• [What you will do]
Your task is to copy exactly the lines from the line containing "Nike Air Force 270 Drops" through the end of the listing below, with pictures left out.

• [Provided material]
.....

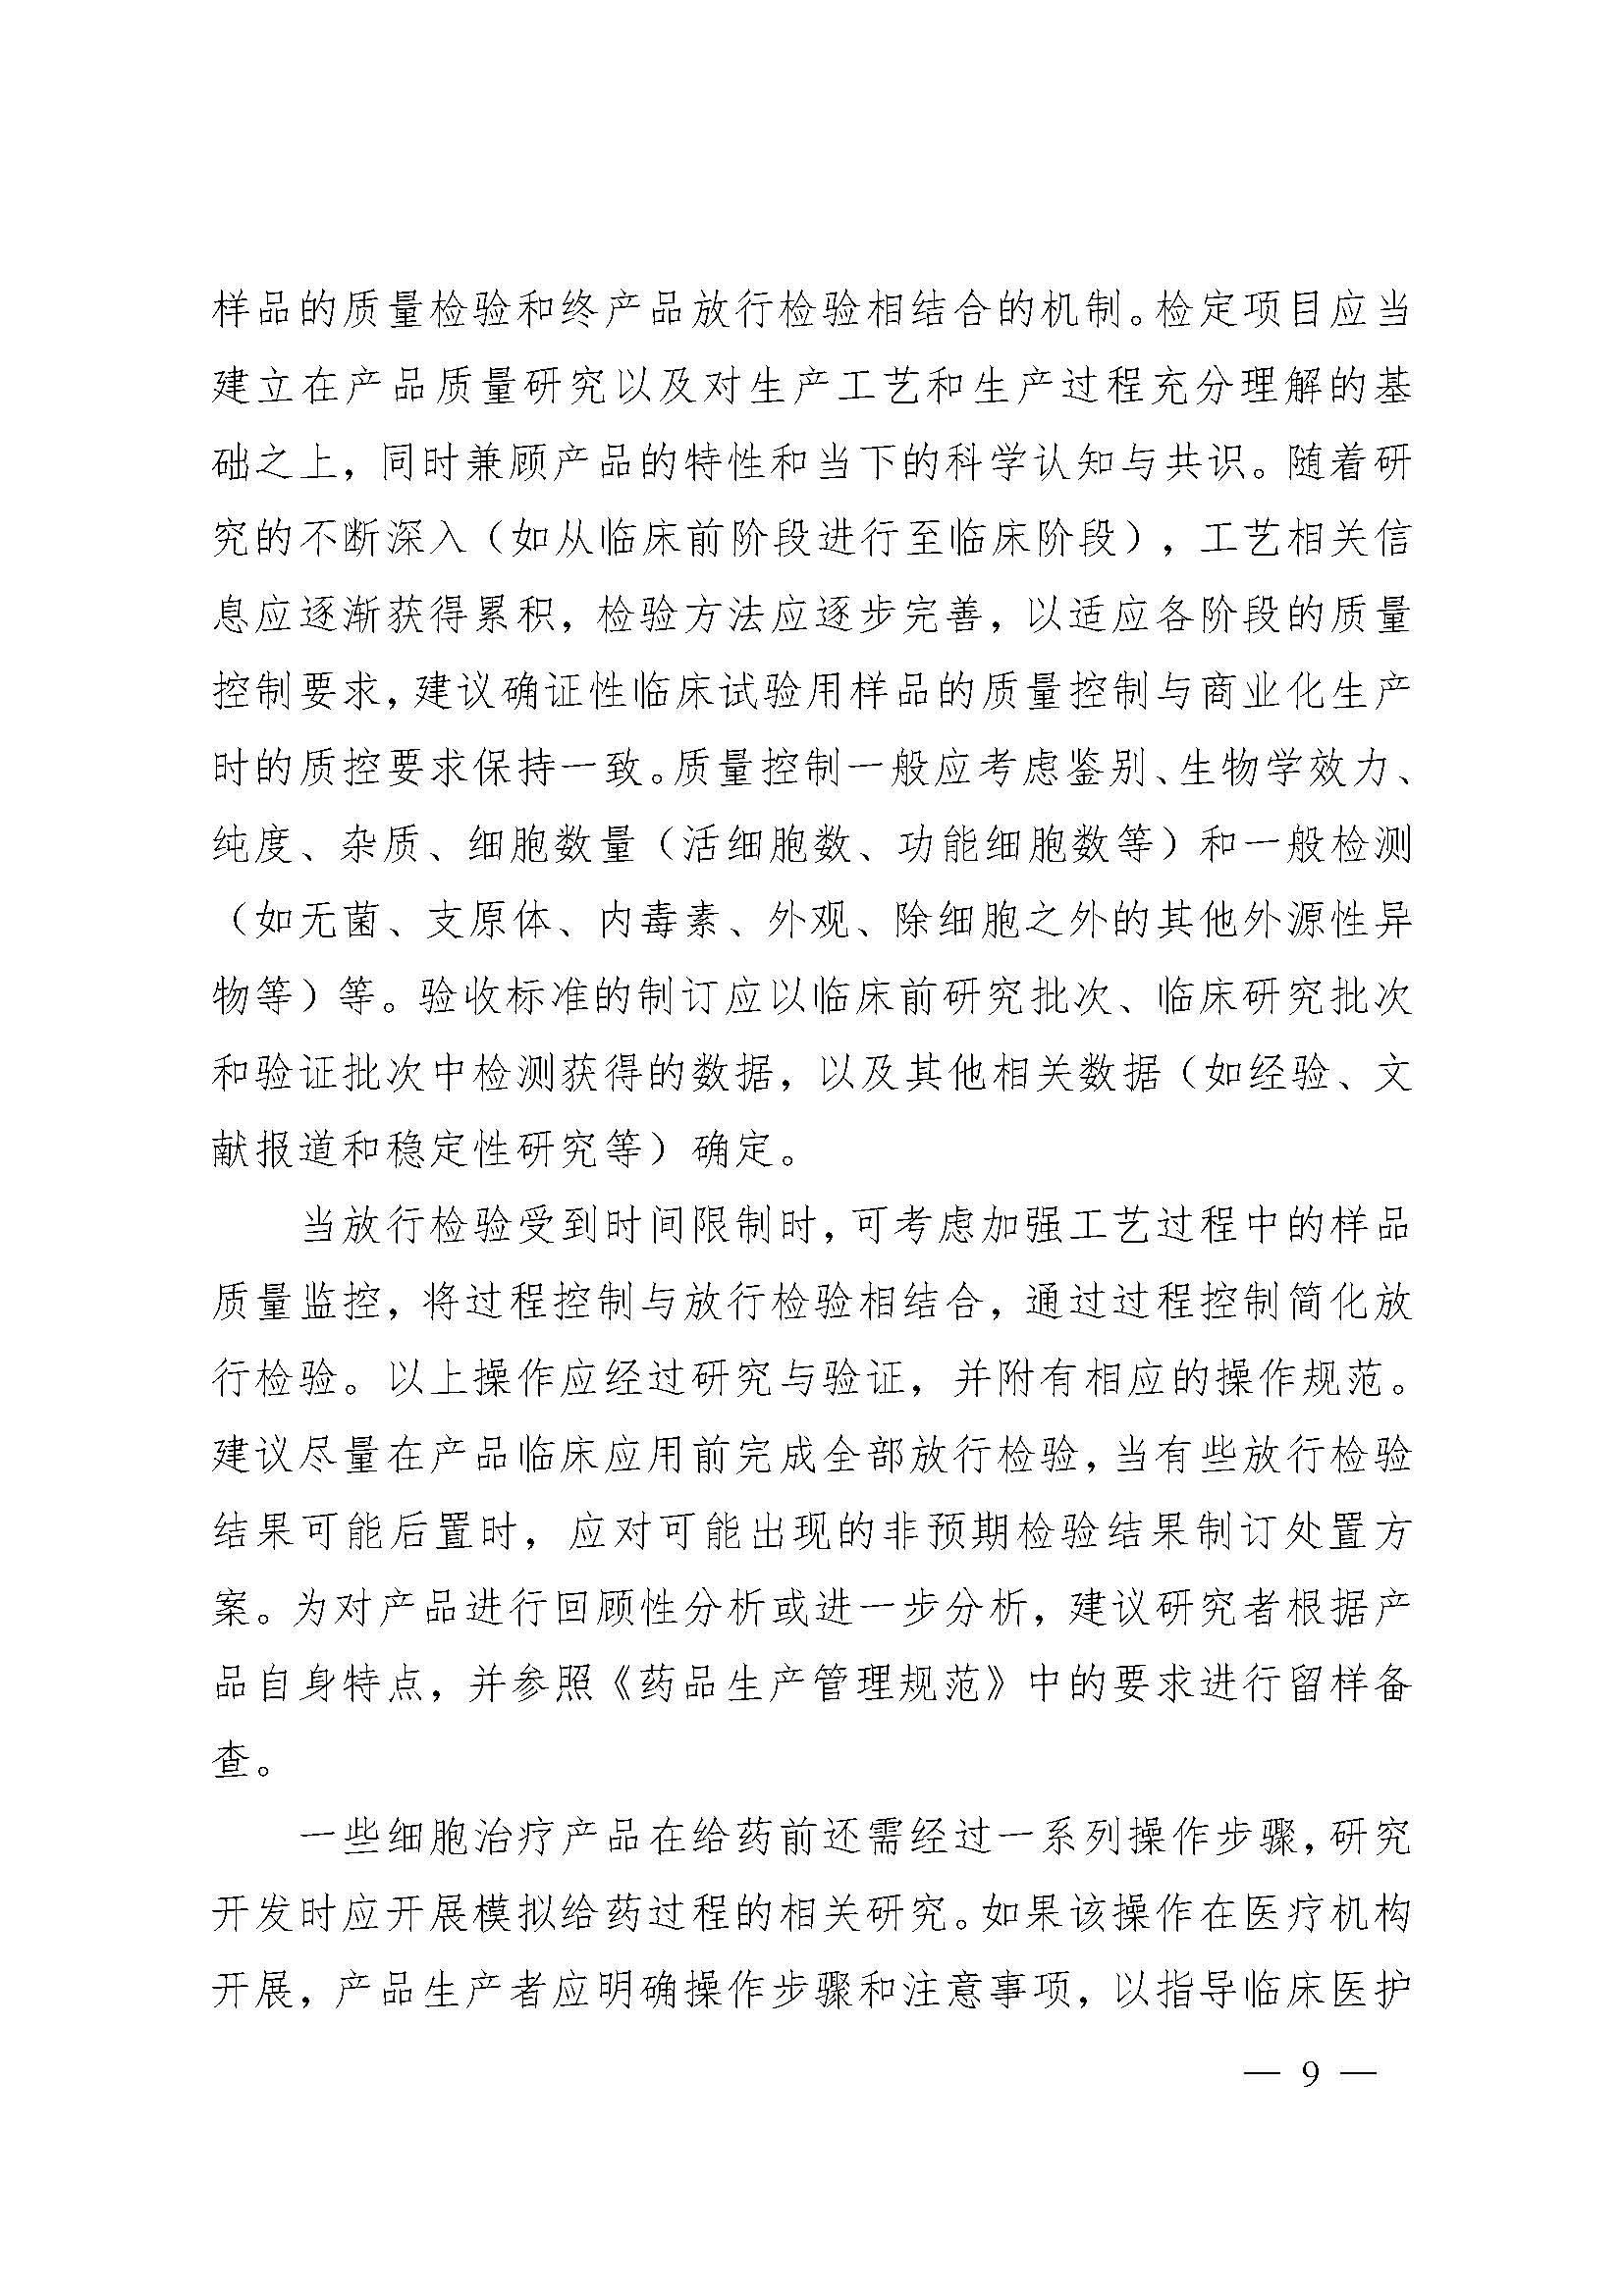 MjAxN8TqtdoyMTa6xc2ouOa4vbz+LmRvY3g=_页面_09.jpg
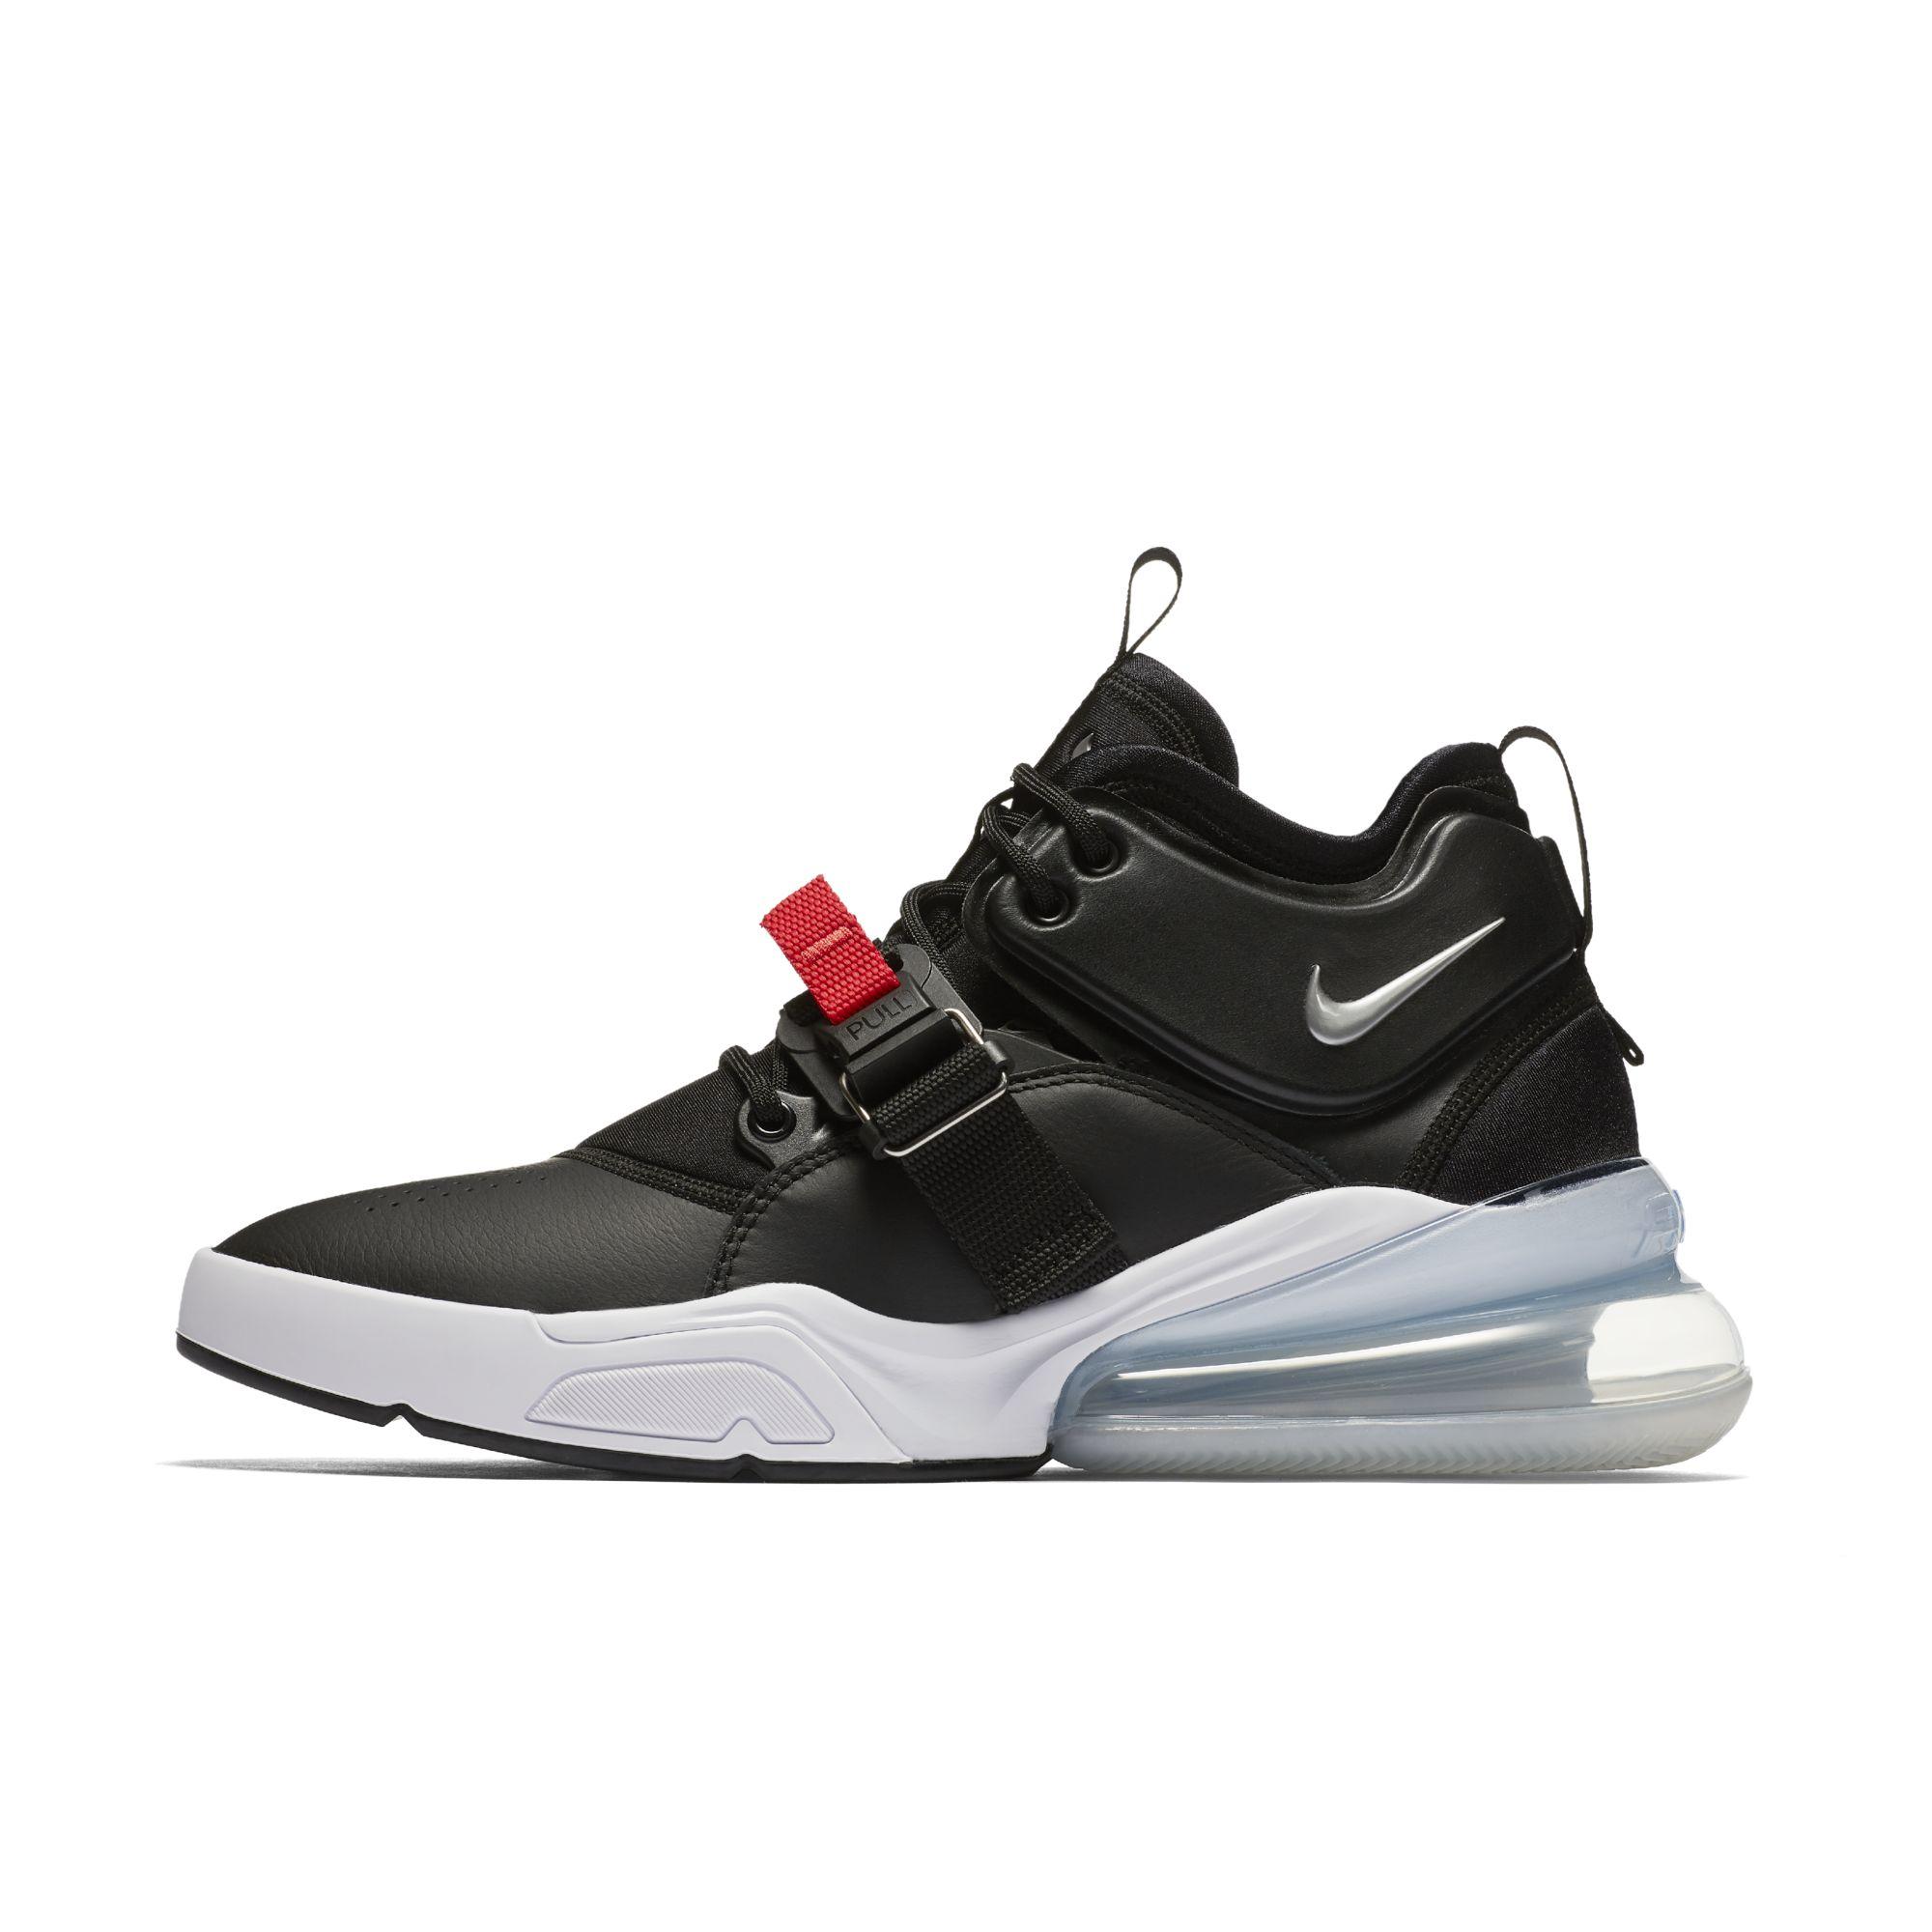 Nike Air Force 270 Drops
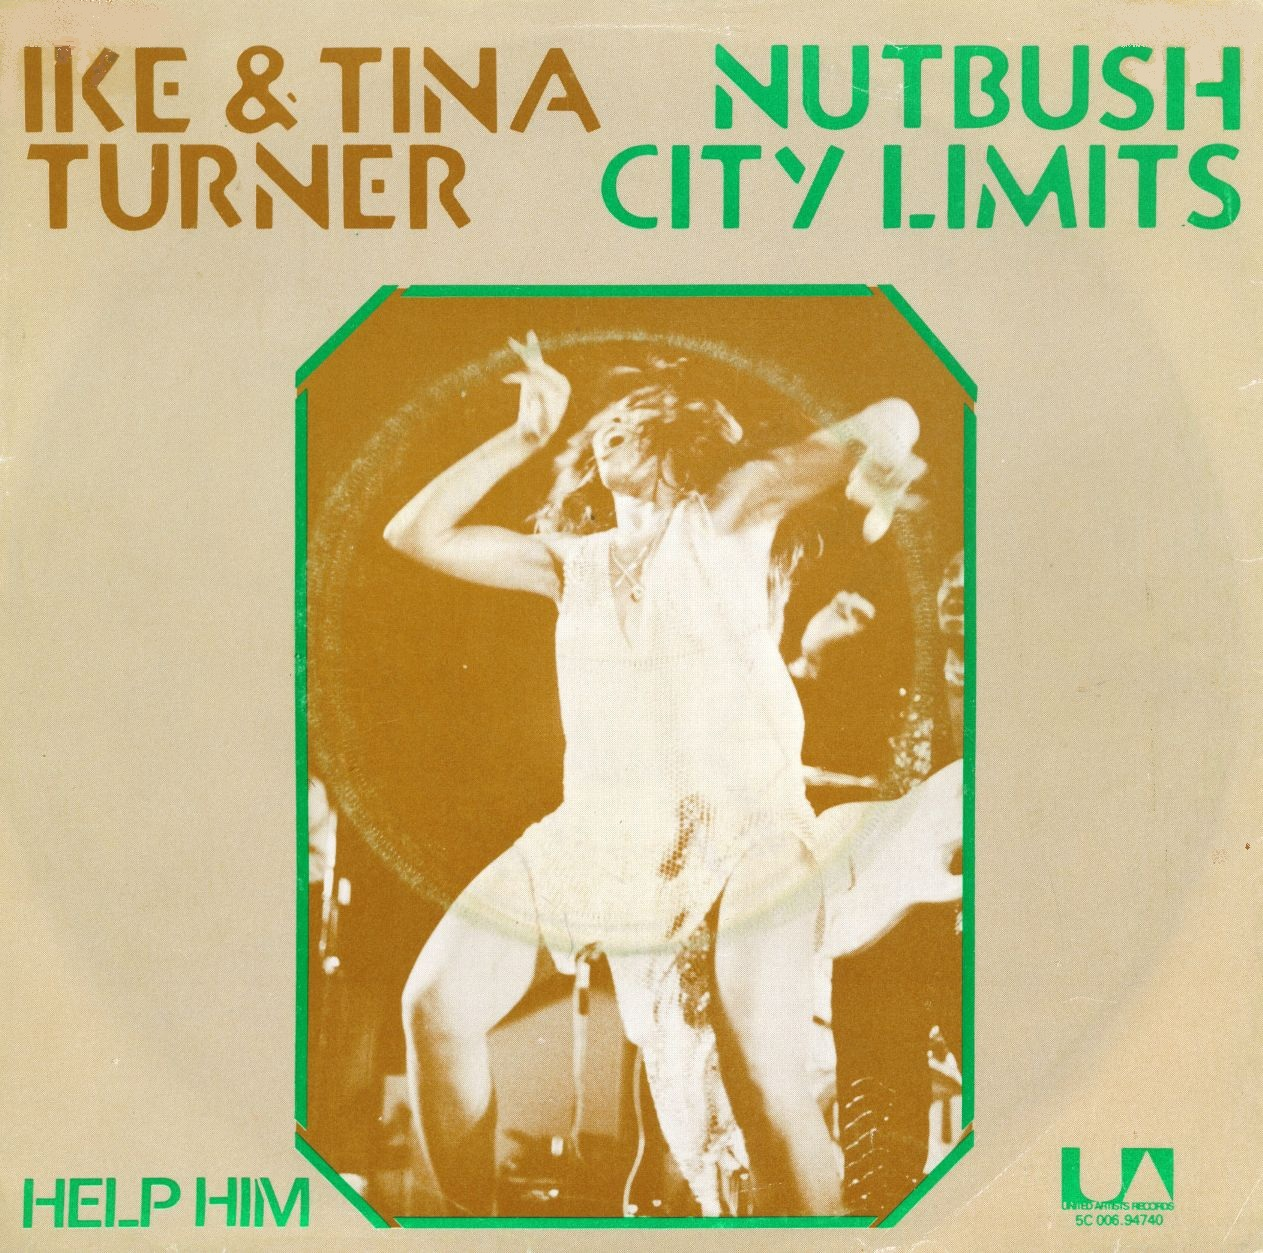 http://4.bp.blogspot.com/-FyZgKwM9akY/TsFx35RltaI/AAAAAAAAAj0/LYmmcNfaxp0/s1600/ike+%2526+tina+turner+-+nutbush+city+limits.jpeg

.....

• [Exercise output]
 Nike Air Force 270 Drops
 http://4.bp.blogspot.com/-FyZgKwM9akY/TsFx35RltaI/AAAAAAAAAj0/LYmmcNfaxp0/s1600/ike+%2526+tina+turner+-+nutbush+city+limits.jpeg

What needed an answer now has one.